Archive for the ‘Trader's Diary’ Category
Lean Cuts Put the Bull Into Sterling as Fat to be Trimmed in Europe
June 28th, 2010The major currencies all rallied on market open against the dollar on Sunday; as China start to de-peg their currency from the dollar and start to manage the Yuan with reference to a basket of currencies. This will hopefully allow more flexibility and in time be sufficient enough to rebalance the world economy, however the timing of this falls too close to the G20 summit and is purely a smoke screen before the talks.
The emergency budget on Tuesday by George Osborne got a positive market response from traders, the realisation that something has to be done, and done now, has put some confidence back into the market.
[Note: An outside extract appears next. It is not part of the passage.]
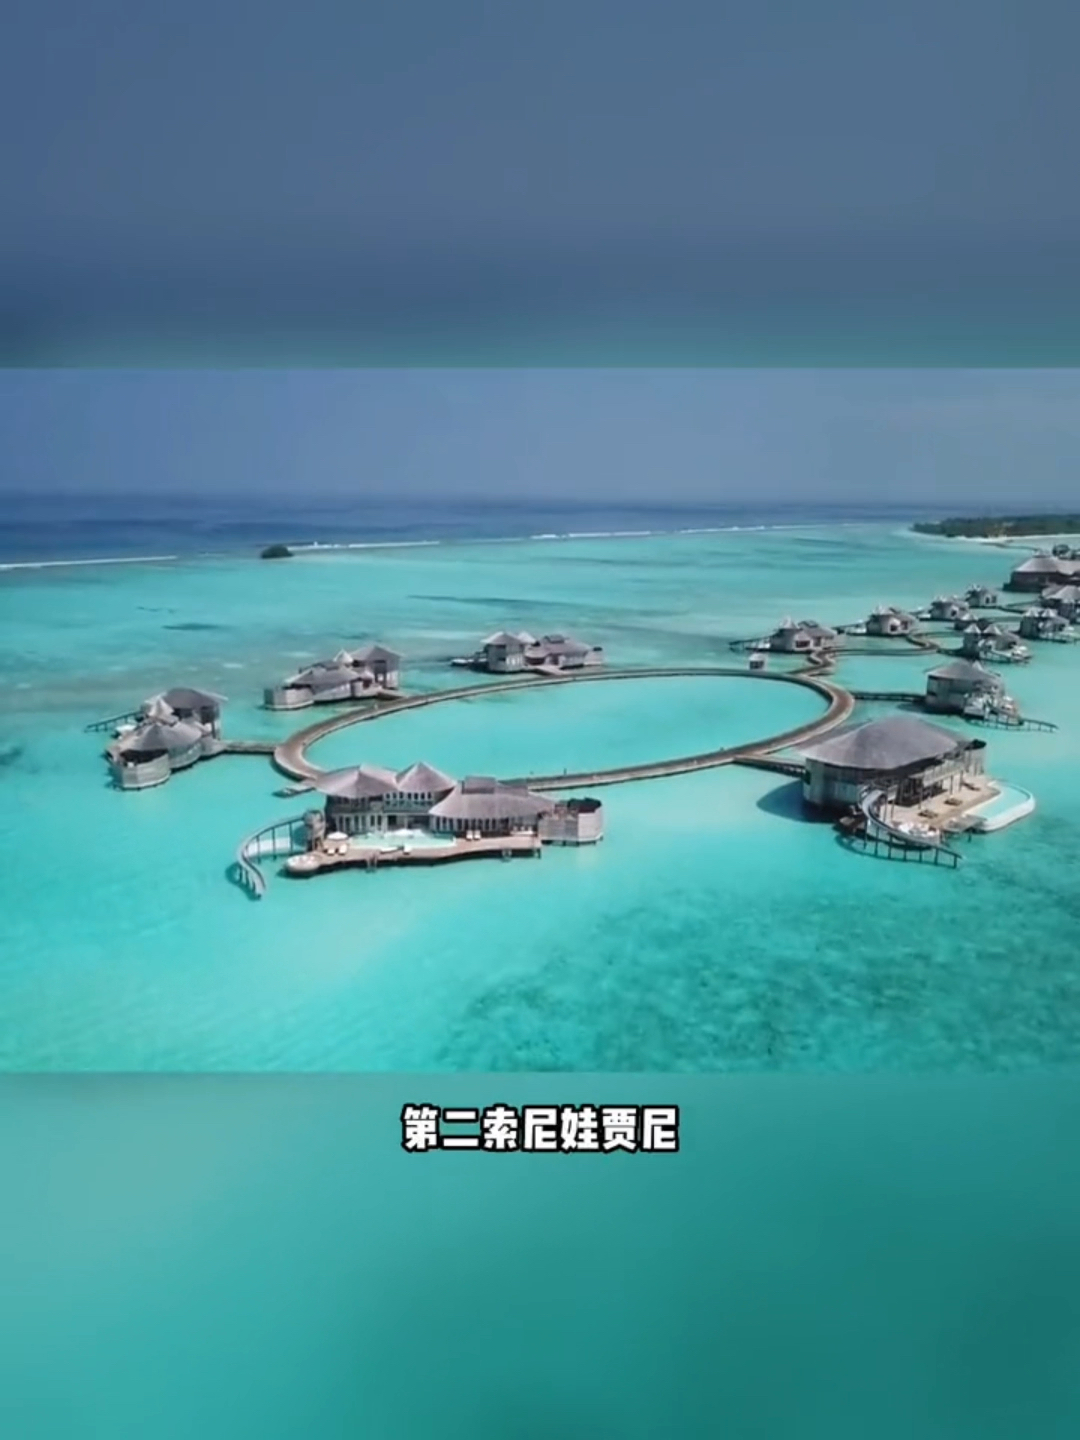 马尔代夫有着自己鲜明的文化特征。  第一，千岛之国。马尔代夫最大特点是岛，而且没有大岛，岛屿平均面积

Perhaps the most beneficial during this World Cup period being the cut in cider tax and a hold on beer. These are short term, positive signals and we have to be realistic that hard times are ahead. Look, therefore, for shorting opportunities.

The Euro rallied as with other currencies at the beginning of the week but has faded out towards the end. The build up to the G20 summit saw Merkel defending austerity measures as US and UK politicians question whether Germany is doing enough to stimulate economic growth in the Eurozone. Germany is looking to announce plans for €80b in budget cuts in the next 4 years.
The French, pushing the economic problems facing the Euro aside, are having a full and public enquiry into their national football team’s disgraceful performance in the World Cup. Well Sarkozy, as long as you give those overpaid, arrogant peacocks a good talking to then everything else will just fall into place. Where do they all live? London! Euro a great sell level on the chart.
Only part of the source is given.